Just do it  libinput time!


----------



## forgiven_noob (Jan 11, 2020)

very cool that you got freebsd running on that, i can think of no other OS i'd like on an embedded device 
other than perhaps minix3
but my heart belongs with freebsd


----------



## SirDice (Jan 17, 2020)

forgiven_noob said:


> very cool that you got freebsd running on that


FreeBSD should run fine on a Raspberry Pi 1, 2 and 3. For the Pi4 its still missing a few essentials (like ethernet and HDMI output). 



			arm/Raspberry Pi - FreeBSD Wiki


----------



## Steve1 (Mar 24, 2020)

Quick one here guys: I need an embedded touch screen solution for a few home automation displays, and would prefer a FreeBSD/Chromium solution. It looks like Pi3 will do the job, but I wonder if anything works better. I'm not wedded to any particular hardware.

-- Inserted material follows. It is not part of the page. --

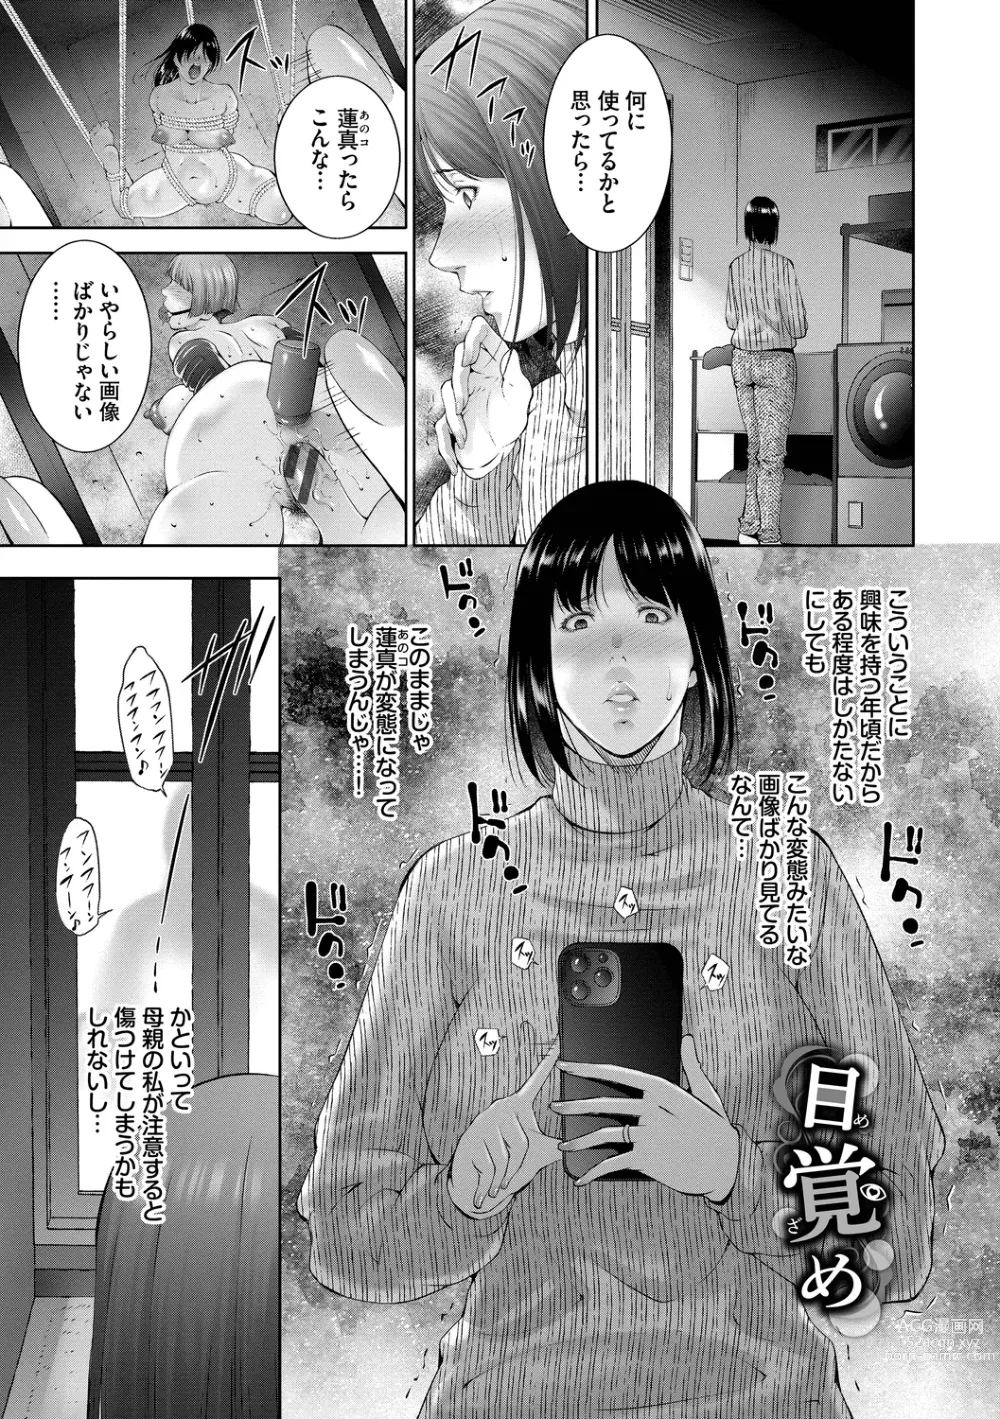 Page 3 of manga Lust Maternity

Does anyone have a recommendations for a 'best' embedded board and touch screen solution running on FreeBSD?


----------



## George (Mar 24, 2020)

I always felt that 1GB Ram is too little for firefox/chromium on my RPI3.


----------



## Raffeale (Mar 25, 2020)

can you use serial port on raspberry pi3 with freebsd


----------



## ralphbsz (Mar 25, 2020)

Before you commit to the 7" touchscreen display (the so-called "official Raspberry pi foundation display"), consider its physical size. I have one at home, and if I had more time, I would set it up on my pump control system. But the display is seriously small, and the resolution is not very good. With today's humans having been spoiled by iPads and modern cell phones, that display is a big-time letdown. When using a font that allows a person in their 50s without reading glasses to read the numbers on the screen, it has about 15 lines x 50 characters. Not enough for editing source code. I think for a status display of pumps and pressures it will do the job, but it will be tight. But given that I have it (it's paid for!), and it is easy to physically mount (small size helps), and interfacing it is super easy (one ribbon cable, four wires), doesn't require any software (works as an ASCII terminal right at booting, and X starts right up), I'll use it as a starting point. If the limitations really annoy me later, I will replace it.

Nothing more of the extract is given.